Roots will be under my feet even on this track wide enough for a whacking great lorry. Roots don’t bother with our boundaries and it isn’t just that. I think they conjoin, I know they do, merging and melding together for the greater good, the good of the wood, of the family. Unlike us, separation is not their main thing, not a thing at all. Unlike us, they do not judge by species, sex, type, shape or achievement. They care not what colour your leaves might be, nor if those leaves are bigger than their own. Like us, they need each other. Like us they sing better in a choir, a unison of voices rising into the sky sending harmony, melody and rhythm out to warm a listening heart. They know it. We are only learning.

Life is lived in the overstory. Although the underneath matters a great deal, it is easily hidden from the world. I can do this as well as anyone. I can slap on my smile and pretend just like you do. And there is no wrong in that, unless, unless, either of us forget our tap root and that of others with whom we share our life. The good news about tap roots is that, like the trees, they grow in silence, whether we pay them attention or not. As they grow in the silent darkness of our hearts and souls they find other roots. This meeting is not confrontational, nor constrained by fear but a vulnerable reaching, meeting, greeting; a gentle slow winding together of fingers, a melding perhaps, or a share of time before moving on. We can learn from that time of open curiosity, the lack of fear, the acceptance of another life doing its very best to grow and to grow right.

Today, when I walk beneath those same trees I will be witted-up and open.
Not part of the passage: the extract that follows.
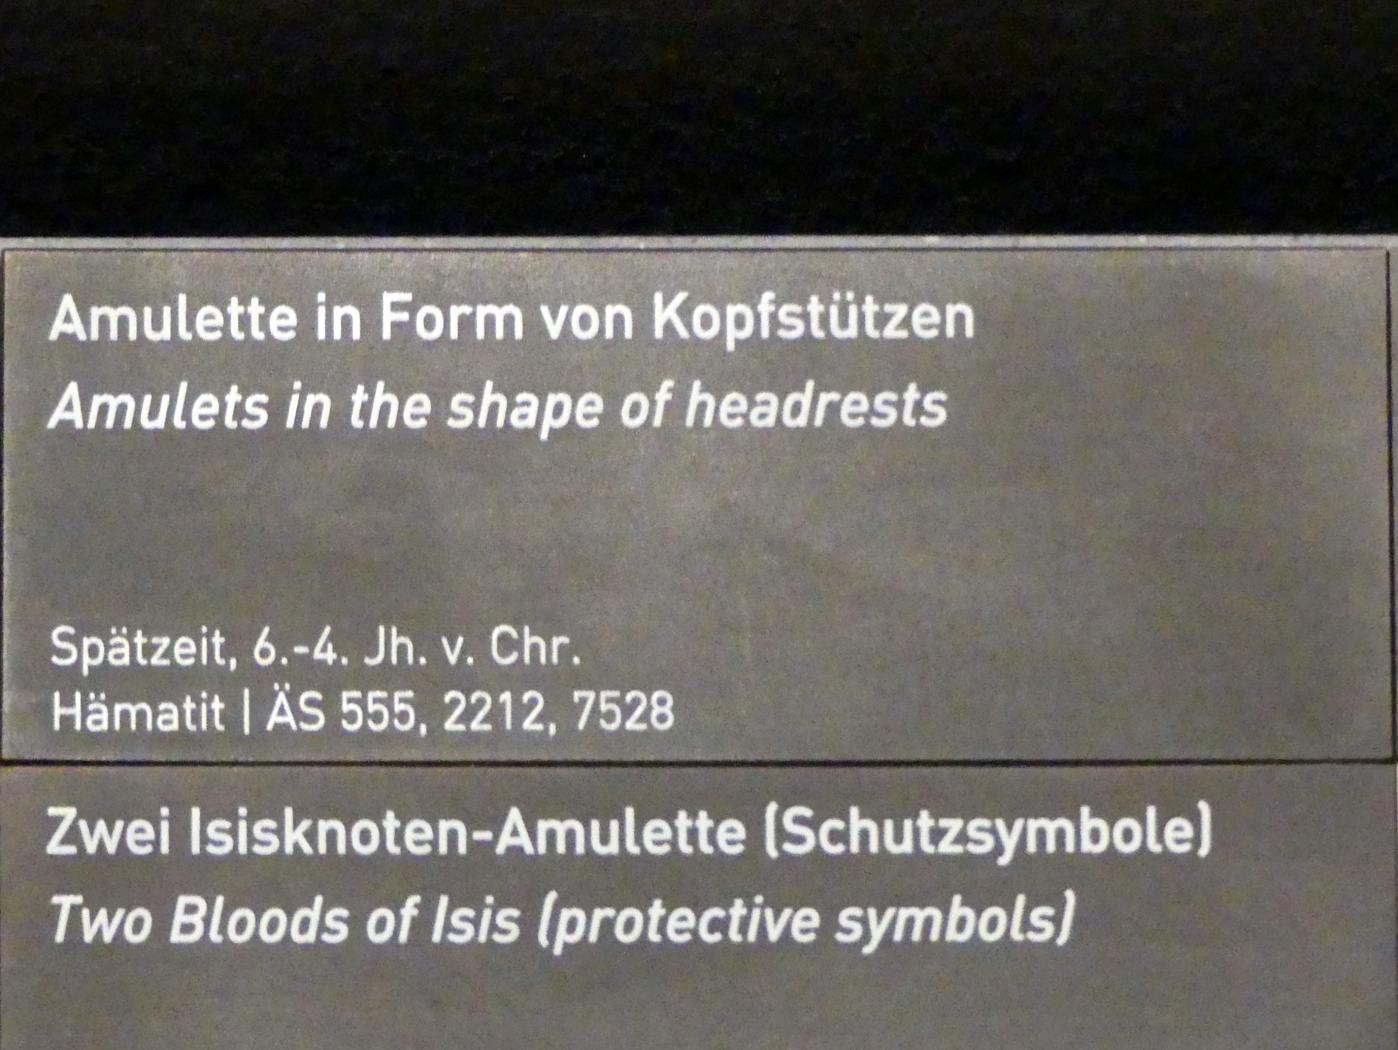 Amulette in Form von Kopfstützen, Spätzeit, 360 - 342 v. Chr., 600 - 300 v. Chr., Bild 3/3

I never tire of the woods and have walked through and around them for almost five decades but sometimes, like yesterday, my overstory is so shouty that I forget where I am and thus I miss the nourishment on offer beneath those ancient wise giants. I miss the startling gasp of star moss on a rotting trunk, the shelf fungi holding on even as its host crumbles away, the rain-betrayed spider webs cast between a spindle of branches, long since empty of life. I miss the patchwork of sky, the squelch of peat under my boots, that sudden realisation of the understory, always working, always growing, in gentle silence. Today I will see it all, hear the voices of the wood and they will bring me calm and a real smile, no pretend.